賭博に甘い対応をする巨人とは違い、阪神がオ・スンファン(呉昇桓)の獲得に乗り出すことはないだろう
巨人の機関紙である報知新聞が「阪神、来季も韓流補強」と題し、阪神で守護神として活躍したオ・スンファン投手を補強リストに加える可能性があると書いています。
ただ、このシナリオはまずないと言えるでしょう。“投手の能力とは別の理由” で球団側が獲得に難色を示すと考えられるからです。
14、15年に阪神で2年連続最多セーブの呉昇桓(オ・スンファン)投手(35)の代理人とも強固なパイプを築いている。今オフはカージナルスからFAとなり、所属先が決まっていない。ドリス、マテオ、モレノとリリーフ助っ人がそろっており、早急に獲得する予定はないが、チーム事情が変われば、再び補強リストに加える可能性もある。
「選手層次第で獲得もあり得る」という書き方を報知新聞はしています。しかし、これは巨人軍の論理であり、阪神タイガースが示した価値観とは異なるものだからです。
1:阪神がオ・スンファンとの残留交渉を打ち切った理由
雑誌『Number』で鈴木忠平氏が阪神がオ・スンファン投手との残留交渉を打ち切った理由を紹介しています。
- 2015年12月頭の時点でオ・スンファンと阪神はほぼ合意に達していた
- 同年12月7日:オ・スンファンに不法賭博容疑があるとメディアが報じる
- 12月11日:阪神が交渉打ち切りを決める
- 12月30日:オ・スンファンが単純賭博罪で略式起訴
阪神は野球協約第180条にある「賭博行為の禁止及び暴力団員等との交際禁止」を “疑惑” の段階で遵守したと言えるでしょう。
鈴木忠平氏が記事で紹介しているように、阪神は賭博など問題行為には厳しい姿勢を採る球団なのです。

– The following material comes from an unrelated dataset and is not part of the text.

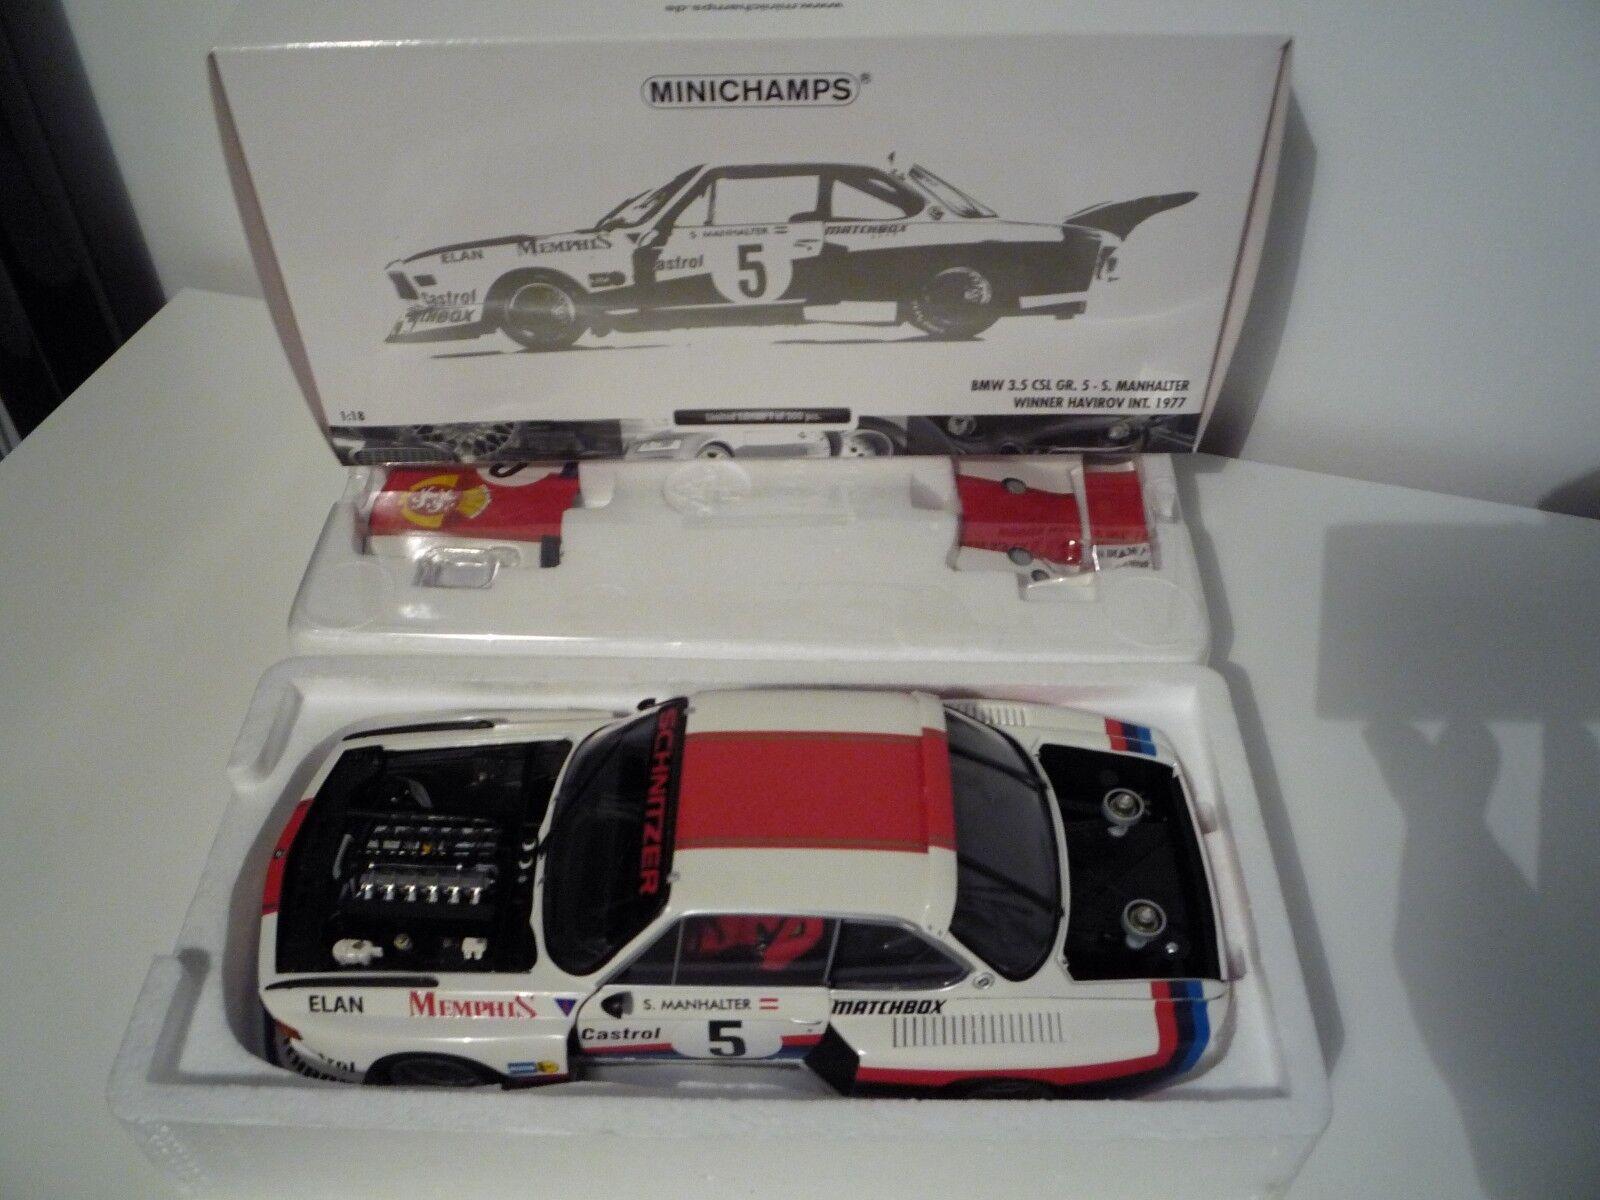 Minichamps BMW 3.5 CSL Havirov inter 1977 1:18 180772005

したがって、報知新聞が描くシナリオが現実のものとなる可能性はかなり低いと言わざるを得ません。
2:グレーの段階で決別した阪神がクロと判明した選手の獲得に乗り出すのか?
阪神タイガースはオ・スンファン投手の嫌疑が「グレーの段階」で決別を選択しました。そのため、再び獲得に乗り出す可能性は低いと思われます。
「クロ」となった選手でも、罪を償ったのであれば再チャンスは与えられるべきでしょう。しかし、再チャンスは与えられるべきですが、与えなければならないものではありません。これは “正直者” がバカを見ることがないようにするための措置です。
問題行為に手を染めても、絶対に再チャンスの機会が与えられることが保証されているのであれば、更生しようとしない者が出てくるリスクがあるからです。
オ・スンファン投手の場合は「プロ野球で再度プレーする機会は与えられるべき」ですが、「阪神が再びプレー機会を与えなければならないということではない」のです。
野球協約第180条を理由に阪神はオ・スンファン投手との残留交渉を2015年12月に打ち切っているのです。したがって、賭博や暴力団員との関わりに対する阪神の “チーム事情” が変わらないかぎり、オ・スンファン投手の獲得に阪神が乗り出す可能性はないと言えるでしょう。
「球界の顔」として振る舞う伝統球団である巨人軍が野球協約に忠実ではなく、賭博や暴力団員との関わりで揺れたこととは対称的です。「巨人軍は紳士たれ」というスローガンが “掛け声倒れ” になっている現状を報知新聞は重く見る必要があると言えるのではないでしょうか。